I would like to discuss another portion of the Patient
Protection Affordability and Care Act (PPACA) in this post. I will return to my posts about interviews
tomorrow. There is some additional guidance
that was just released by the Department of Health and Human Services (HHS) with
the rules that will govern these areas:
Denying Coverage, Essential Health Benefits, Benchmark Plans, Wellness
Programs and Unfair Underwriting.
Denying Coverage
There was some additional clarification about how this would
work. As of Jan. 1, 2014, insurers will
not be allowed to prevent care based on pre-existing conditions. The insurers will also not be allowed to
charge a higher premium based on gender, occupation, or employer. The insurers will be allowed to charge a
higher premium based on age, tobacco use, family size, and geography. In the event an individual is denied coverage
for some reason, they will be allowed access to the healthcare exchange. Individuals will be required to purchase
their coverage during open enrollment periods.
Essential Health
Benefits (EHB)
All insurance plans, including those on the Healthcare
Exchanges, will be required to provide these 10 items at a minimum:
·
Ambulatory patient services
·
Emergency services
·
Hospitalization
·
Maternity and newborn care
·
Mental health and substance use disorder
services, including behavioral health treatment
·
Prescription drugs
·
Rehabilitative and habilitative services and
devices
·
Laboratory services
·
Preventive and wellness services and chronic
disease management
·
Pediatric services, including oral and vision
care
Benchmark Plans
The
new rules require that each state selects a “benchmark” plan that offers these
EHB services in quality and affordability.

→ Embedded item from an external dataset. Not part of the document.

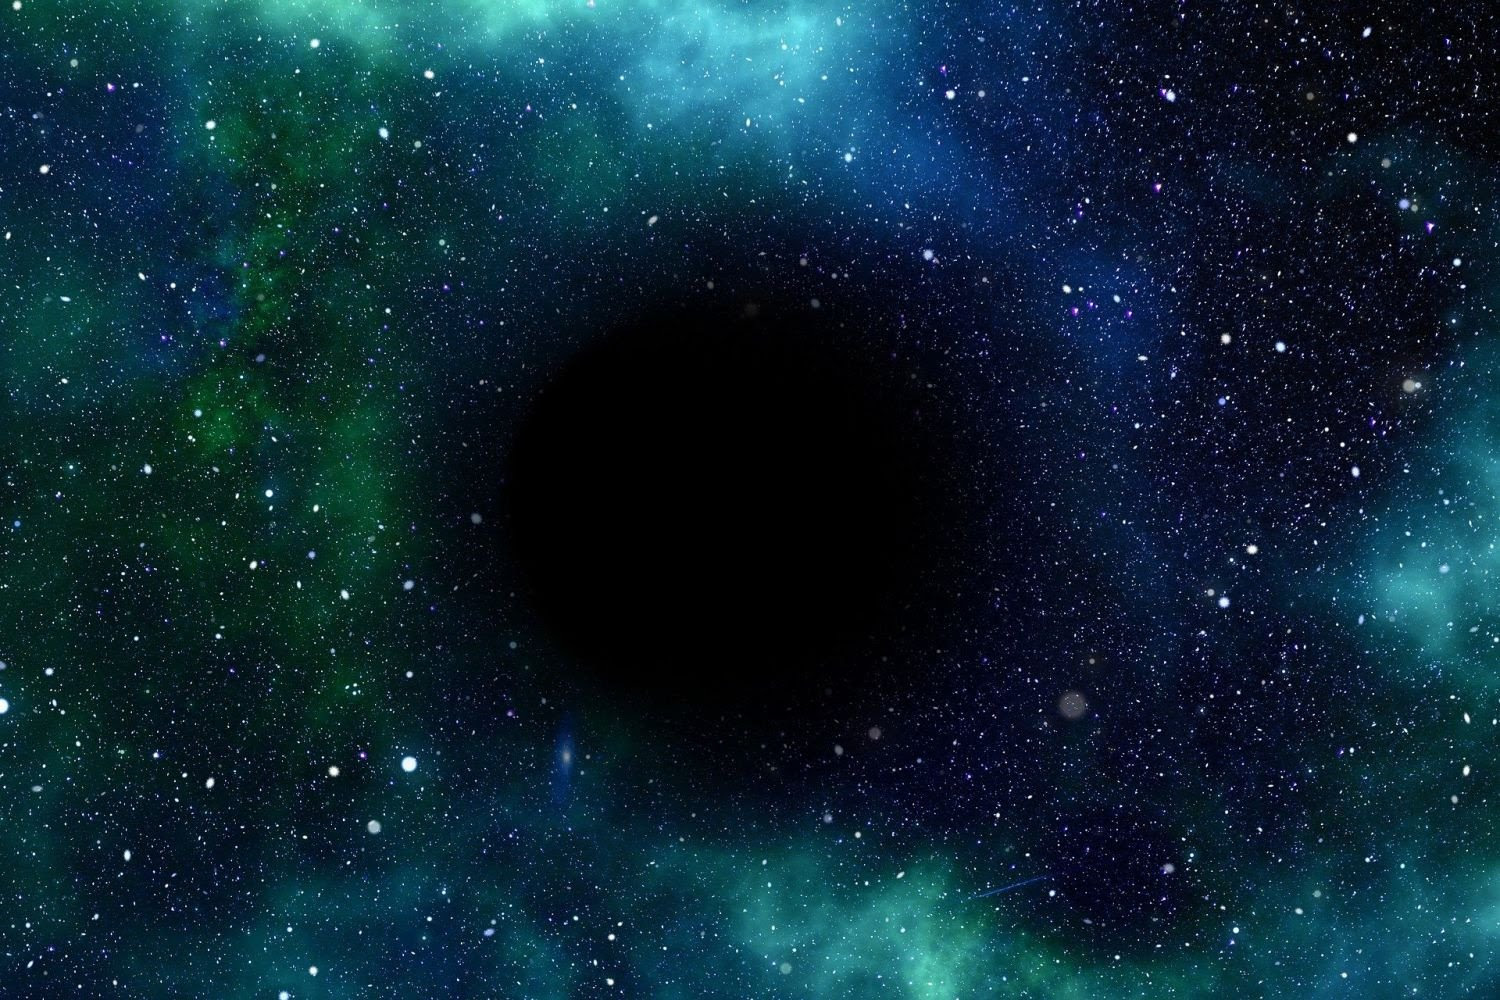 Πρωτόγνωρο: Η απίστευτα μεγάλη μαύρη τρύπα LB-1 που ανακάλυψαν στο γαλαξία μας

All other insurance plans will then be rated and judged in comparison to
that plan. The rules governing the
benchmark plans are still up for public comment. Some additional items that may be added or
changed including a Drug listing benchmark, preventive care benchmark, and a
mental health standards benchmark. If a
state fails to; or refuses to select a benchmark plan, the HHS will select one
for them.
Wellness Programs and Unfair Underwriting
New
guidelines were release regarding employer based wellness programs. Insurance plans will be required to offer
coverage of programs designed to reduce disease and promote health. These plans must be reasonably expected to be
effective, cannot be overly burdensome for an employee to use, must be fairly
and equally offered, with accommodation offered for those who cannot medically
participate in the primarily offered wellness program. Any health problems revealed in the course of
a wellness program cannot be unfairly used to increase premiums.
Additional
rules that were rolled out for the PPACA also include actuarial value rulings
with regards to “Medal” levels and rules on Accreditation standards
There
really is much more to the PPACA and these rules than I have the time to put
down here. There is so much; I certainly
do not understand it all. I suggest you
do your own research to learn more.
Relevant Links:
http://www.hhs.gov/news/press/2012pres/11/20121120a.html
http://www.healthcare.gov/news/factsheets/2012/11/market-reforms11202012a.html
http://www.healthcare.gov/news/factsheets/2012/11/ehb11202012a.html
http://cciio.cms.gov/resources/data/ehb.html#review
benchmarks
http://www.healthcare.gov/news/factsheets/2012/11/wellness11202012a.html
Disclaimer:
Please note, this information is based on my understanding
and is only to be used for informational and educational purposes. Do not take what I am writing as advice. Seek your own legal counsel and/or see a tax
accountant before making business or personal decisions.